2. Use dma_set_max_seg_size() to tell the DMA mapping infrastructure
and the block IO layer about the restriction. This way we can
remove the size checks and segment splitting in the queuecommand
path.
This assumes that no other code in the firewire stack uses
dma_map_sg() with conflicting requirements. It furthermore assumes
that the controller device's platform actually allows us to set the
segment size to our liking. Assert the latter with a BUG_ON().
3. Also use blk_queue_max_segment_size() to tell the block IO layer
about it. It cannot know it because our scsi_add_host() does not
point to the FireWire controller's device.

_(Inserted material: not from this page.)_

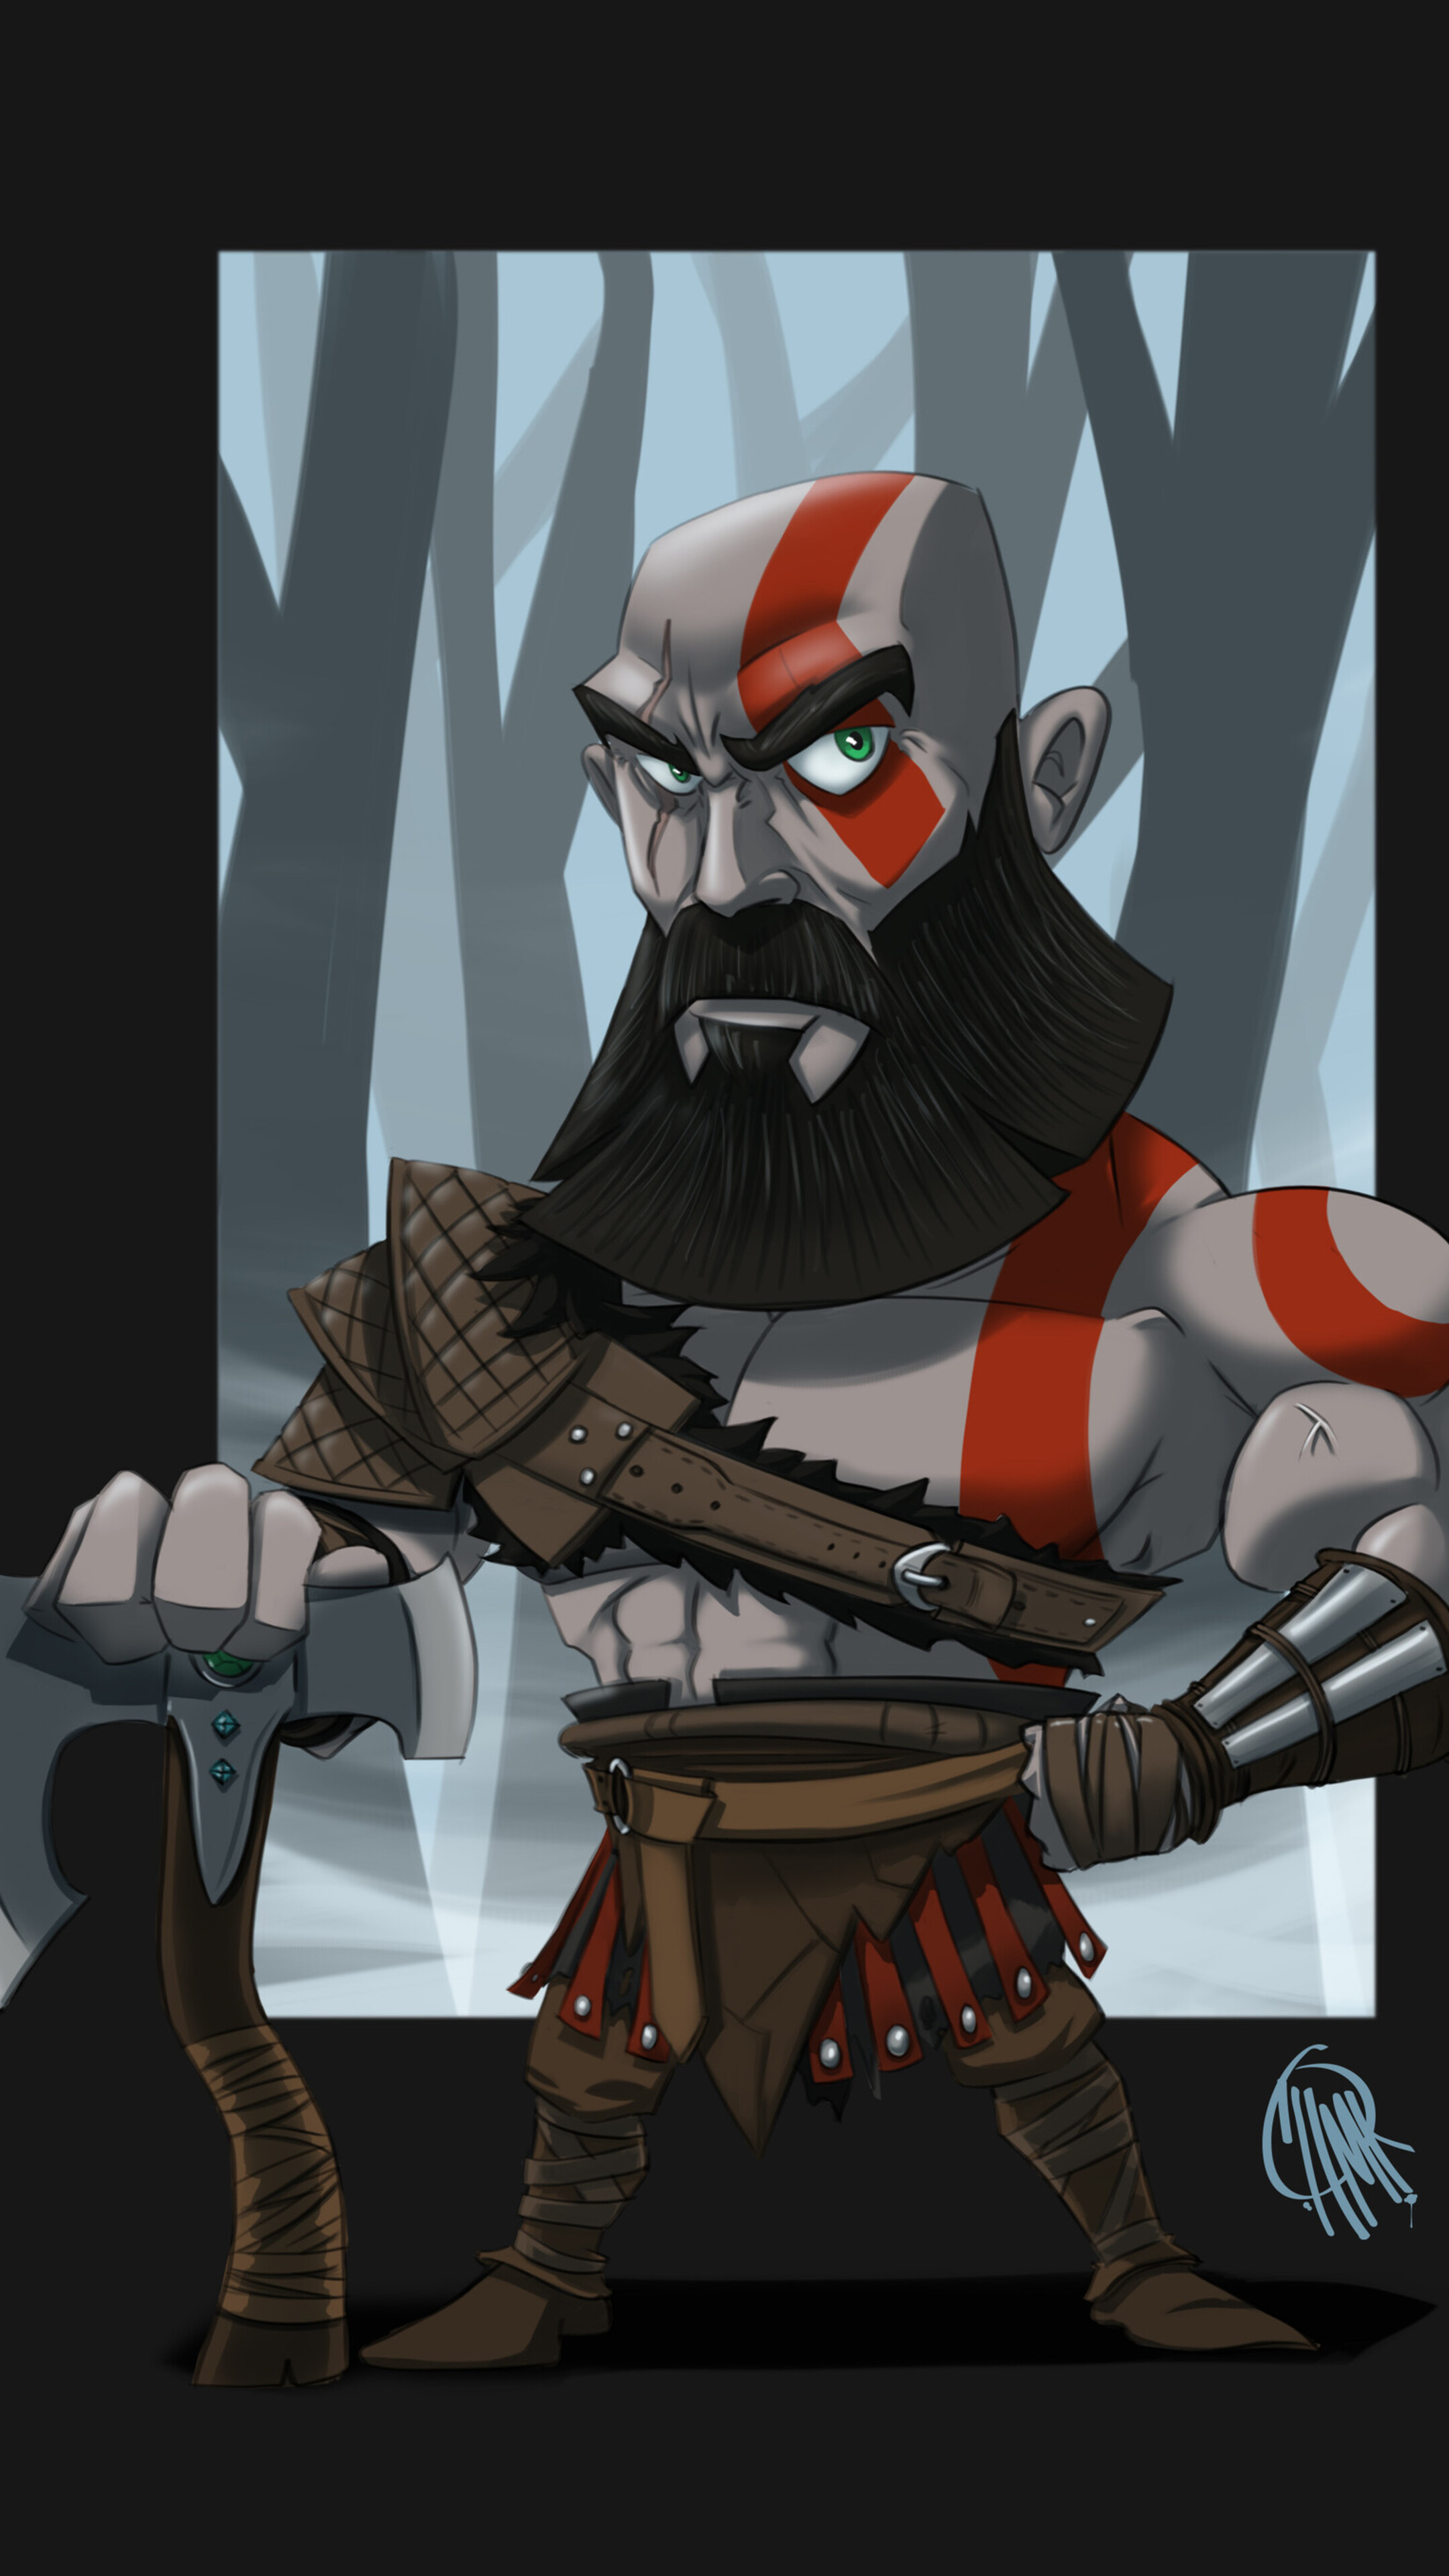 kratos-2020-minimalism-5o.jpg
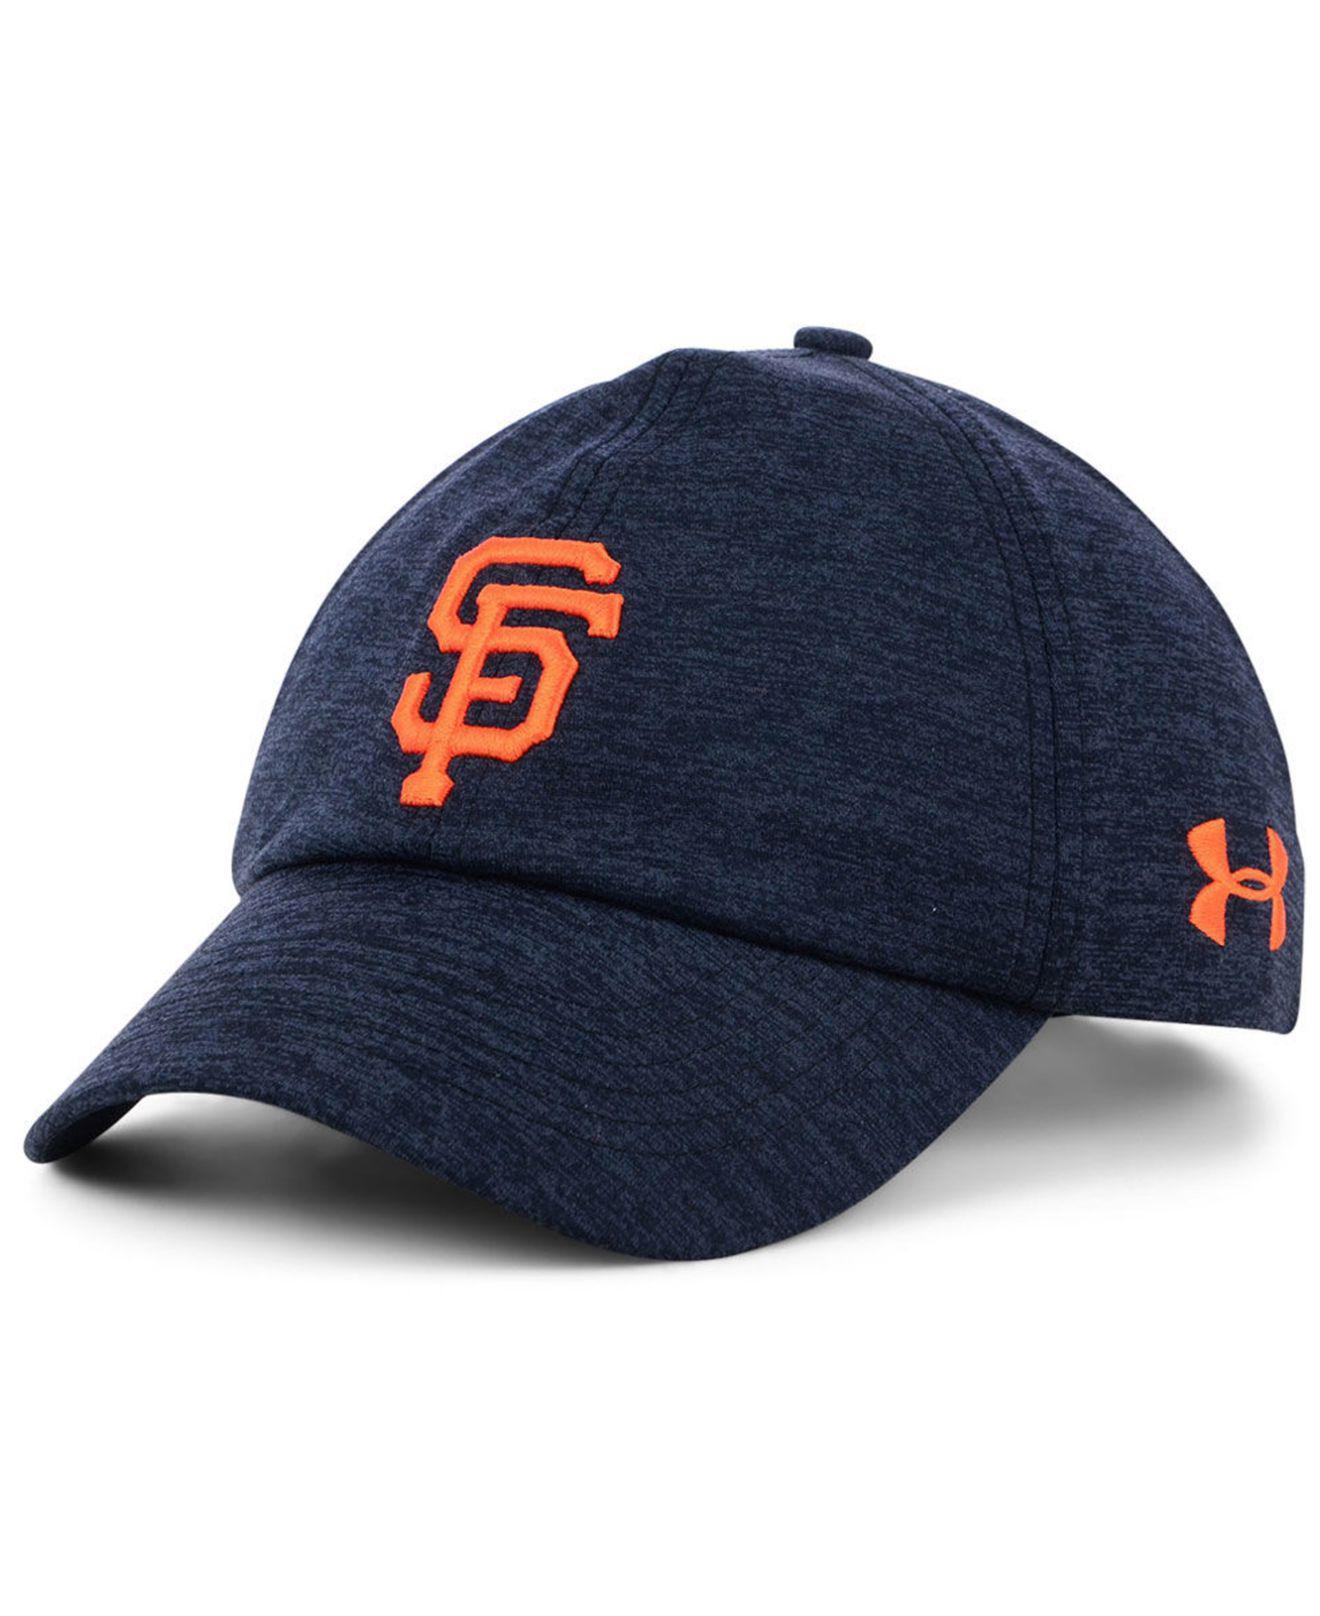 e01a042e141 ... mlb shadow airvent adjustable hat b0764 4ea25  discount code for under  armour. womens blue san francisco giants renegade twist cap 695e1 8ce86

Signed-off-by: Stefan Richter <[email protected]>
---
drivers/firewire/fw-sbp2.c | 68 +++++++++++++++++--------------------
1 file changed, 33 insertions(+), 35 deletions(-)
Index: linux-2.6.27-rc2/drivers/firewire/fw-sbp2.c
===================================================================
--- linux-2.6.27-rc2.orig/drivers/firewire/fw-sbp2.c
+++ linux-2.6.27-rc2/drivers/firewire/fw-sbp2.c
@@ -29,6 +29,7 @@
*/
#include <linux/blkdev.h>
+#include <linux/bug.h>
#include <linux/delay.h>
#include <linux/device.h>
#include <linux/dma-mapping.h>
@@ -181,10 +182,16 @@ struct sbp2_target {
#define SBP2_MAX_LOGIN_ORB_TIMEOUT 40000U /* Timeout in ms */
#define SBP2_ORB_TIMEOUT 2000U /* Timeout in ms */
#define SBP2_ORB_NULL 0x80000000
-#define SBP2_MAX_SG_ELEMENT_LENGTH 0xf000
#define SBP2_RETRY_LIMIT 0xf /* 15 retries */
#define SBP2_CYCLE_LIMIT (0xc8 << 12) /* 200 125us cycles */
+/*
+ * The default maximum s/g segment size of a FireWire controller is
+ * usually 0x10000, but SBP-2 only allows 0xffff. Since buffers have to
+ * be quadlet-aligned, we set the length limit to 0xffff & ~3.
+ */
+#define SBP2_MAX_SEG_SIZE 0xfffc
+
/* Unit directory keys */
#define SBP2_CSR_UNIT_CHARACTERISTICS 0x3a
#define SBP2_CSR_FIRMWARE_REVISION 0x3c
@@ -1099,6 +1106,10 @@ static int sbp2_probe(struct device *dev
struct Scsi_Host *shost;
u32 model, firmware_revision;
+ if (dma_get_max_seg_size(device->card->device) > SBP2_MAX_SEG_SIZE)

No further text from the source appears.